Миссис Кроули: Вы говорили о могучих архетипических силах в Ницше. Как он мог бы создать Заратустру, если бы не идентифицировался в архетипическими силами, ожившими в нем?
Др. Юнг: Эти силы должны были бы ожить не в нем, это он должен был бы слушаться их; вот наиболее естественный ответ.
Миссис Кроули: Как если бы это был танец?
Др. Юнг: Именно. Это вы у них, так сказать, в руках, это вы танцуете под их дудку, под их мелодию. Но когда вы говорите, что творческие силы находятся в Ницше, во мне или в ком-то еще – вы создаете инфляцию. Потому что человек не распоряжается творческой силой, это она распоряжается человеком, вот в чем суть. И если он позволяет этой творческой силе захватить себя безоглядно, не задавая вопросов, никакой инфляции нет; стоит только подумать: «Я тот, который…» — тотчас возникает инфляция.
Вопрос: Можно ли этого избежать?
Др. Юнг: Только полностью подчинившись, не пытаясь смотреть на самого себя. Нужно быть в известной степени наивным.
Мистер Бауманн: Это случается автоматически?
Др. Юнг: Автоматически случается то, что вы вспоминаете себя; в противном случае вы исчезаете, как если бы дотронулись до проводов высокого напряжения.
Мистер Бауманн: И этого нельзя избежать?
Др.
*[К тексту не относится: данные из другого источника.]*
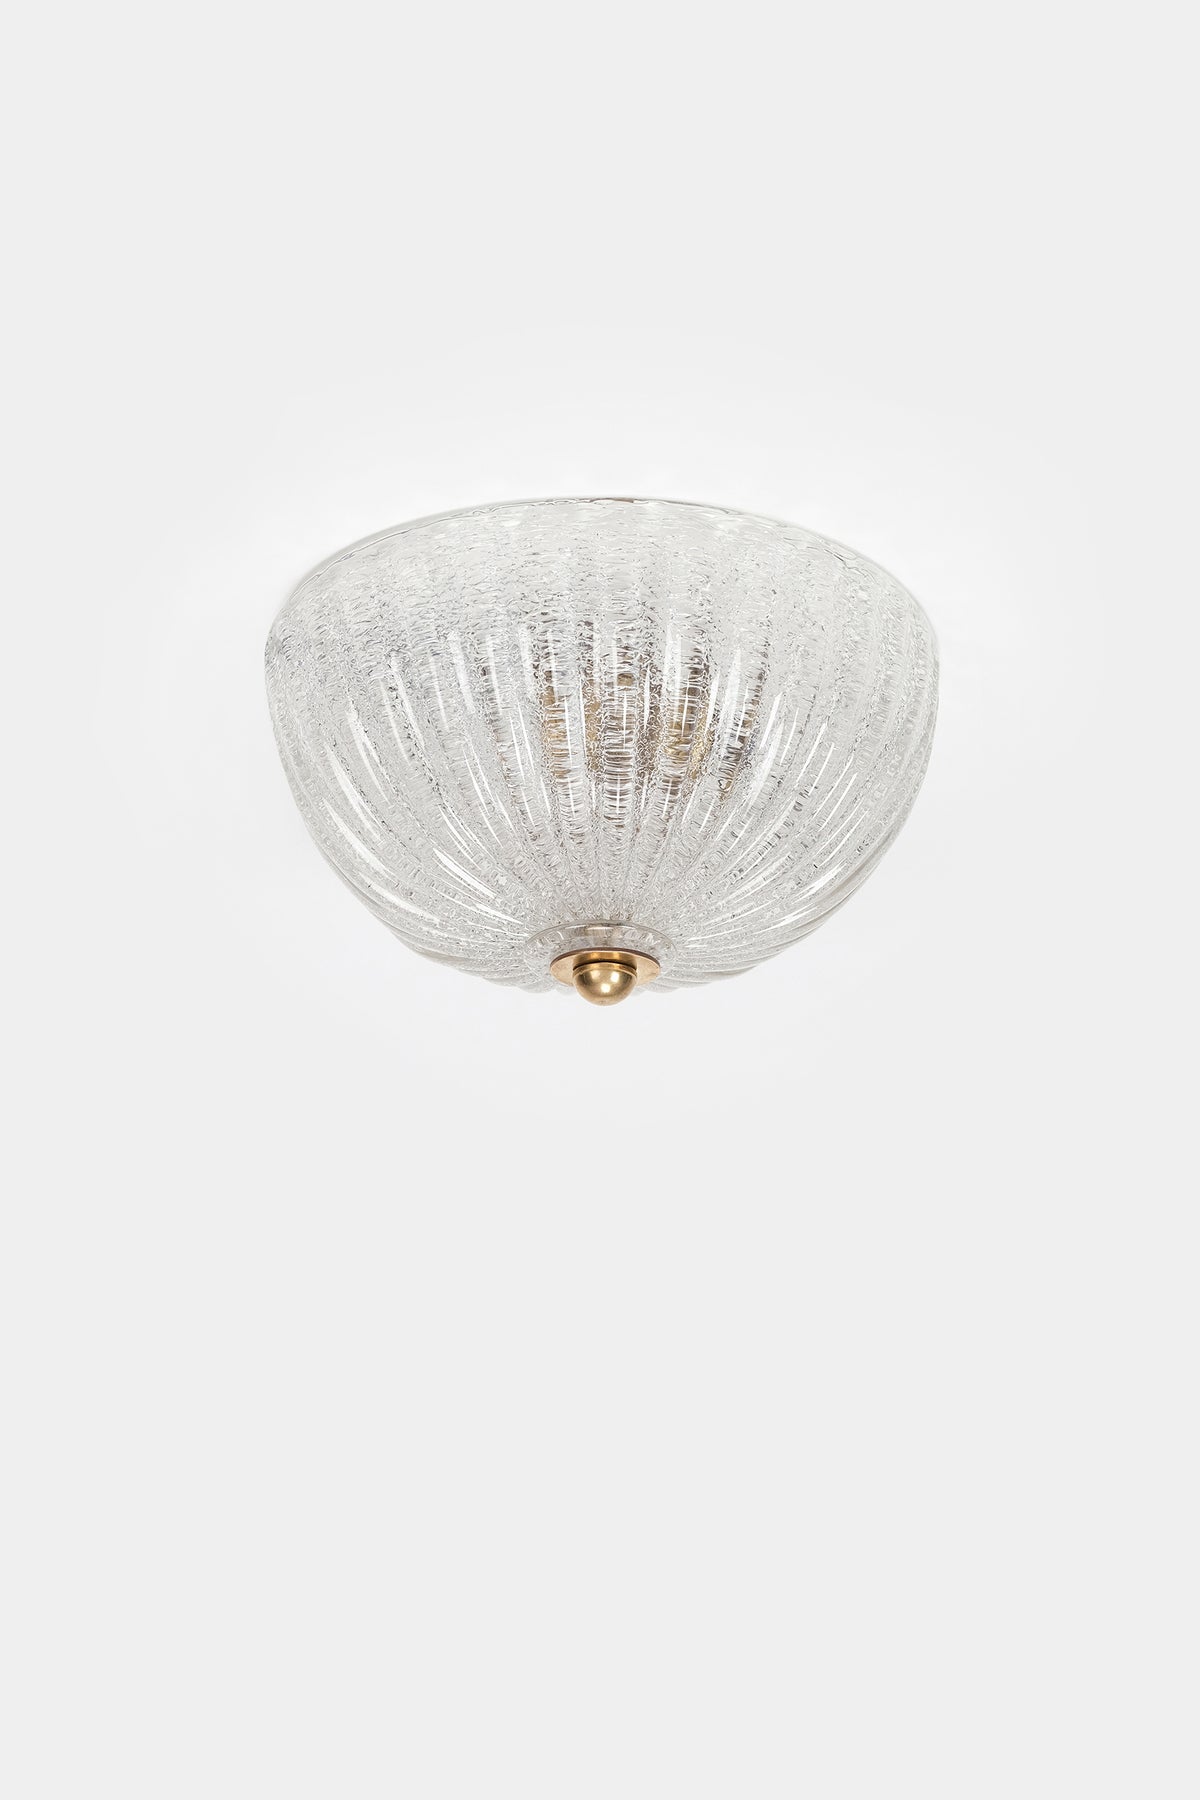 Ceiling light with Glass Dome, Barovier & Toso, 40s

Юнг: Если только вы достаточно просты. Ницше, конечно же, не мог устранить свой собственный взгляд; кроме того, он был слишком переполнен сожалениями, ведь творческая сила крадет ваше время, высасывает вашу силу, и что в результате? Ну, может быть, книга. А где ваша личная жизнь? Все ушло. Поэтому такие люди чувствуют себя страшно обманутыми. Они возражают против этого, другие должны потакать им во всем, чтобы как-то компенсировать то, что было у них украдено богом. А это творческая сила отняла у них личную жизнь; именно поэтому они предпочитают персонифицировать ее, воображать, что они и есть Шива, чтобы по крайней мере испытывать удовольствие, занимаясь творчеством. Поэтому если вы знаете, что вы человек творческий и наслаждаетесь этим, вы все равно будете потом распяты, потому что любой, идентифицирующий себя с богом, будет расчленен. Старый патриарх церкви епископ Синезиус сказал, что spiritm phantasticus, творящий дух в человеке может пронзать глубины и высоты вселенной, подобно богу или подобно великому демону, но в отместку за это ему придется претерпеть и божественное наказание. Это может быть расчленением Диониса или распятием Христа. Мы сейчас подойдем к этой проблеме у Заратустры.
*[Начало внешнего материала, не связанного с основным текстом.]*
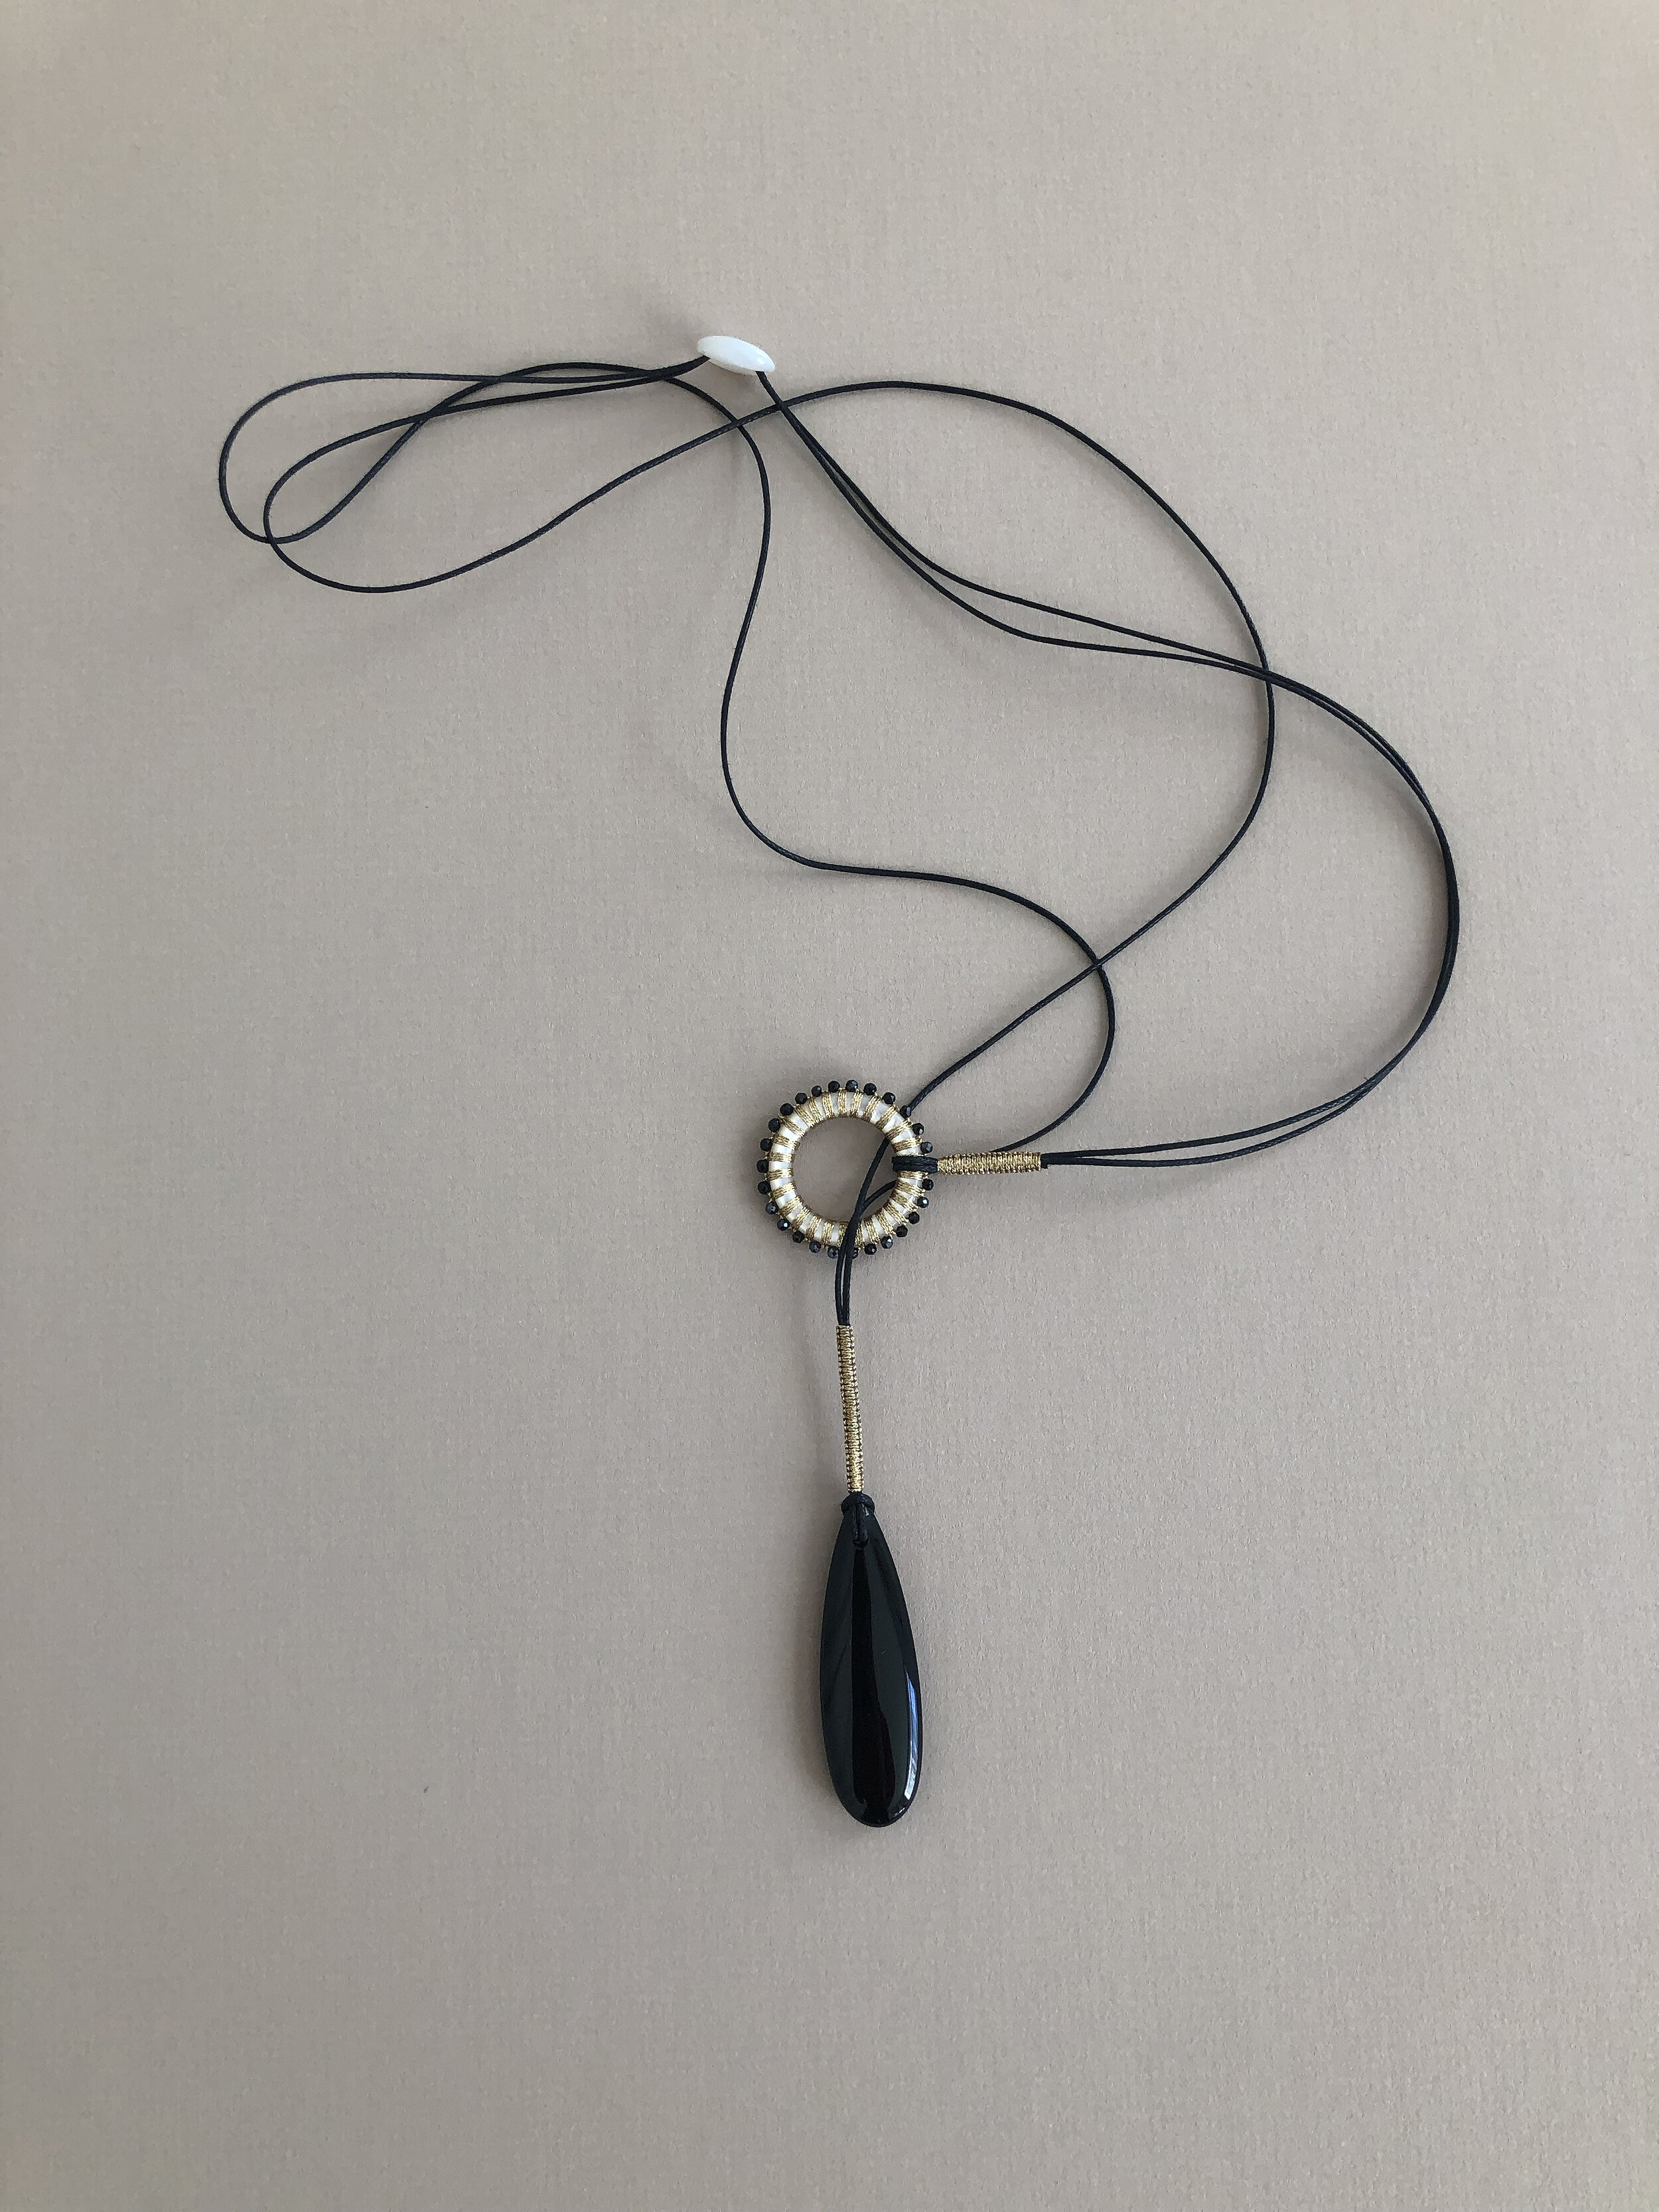 NJY107 BLACK AGATE DROP LARIAT WITH 25MM SOUTH SEA MOTHER OF PEARL  (PINCTADAD MAXIMA AUSTRALIA) HAND WOVEN WITH BLACK SPINEL — SIMON ALCANTARA  LLC

А вот следующий вопрос мистера Бауманна: «Установление отношений с толпой требует спуска на более низкий уровень сознания. Необходимо ли вступать в бессознательные отношения с людьми, впадать в своего рода идентификацию или participation mystique с толпой, или же достаточно показать, что у тебя есть низшая часть?
Нет, вовсе не нужно показывать, что у тебя есть низшая часть, об этом и так все знают. Вы можете быть уверены, что вокруг вас всегда найдутся люди, которым точно известно, в чем именно вы несовершенны; у них есть замечательное качество замечать недостатки других, и вот только не обращать внимания на свои собственные. Так что нам не стоит особенно беспокоиться по этому поводу, наши недостатки и так заметны, нет необходимости специально акцентировать их. Единственное, что мы должны, так это признаться в них самим себе; мы и есть своя собственная невидимая и неслышимая больше никому аудитория. Далее: спуститься вниз можно только в том случае, если до этого человек находился на более высоком уровне. А Заратустра – человек или дух, который после нисхождения вниз, заката в течение веков, теперь начал подниматься. Старик, которого мы встретили в лесу – это традиционный христианский дух, постепенно растворяющийся в природе, кажется, вот-вот – и он исчезнет совсем, но этого не случится до тех пор, пока существует человек, в котором дух мог бы проявиться. Таким образом, исчезая, он возрождается, и эта вновь появляющаяся часть – Заратустра. Одна его часть уходит, но при этом возрождается новый дух, по сути тот же самый. Заратустра пребывал высоко в горах, но теперь он спускается вниз к обычным людям.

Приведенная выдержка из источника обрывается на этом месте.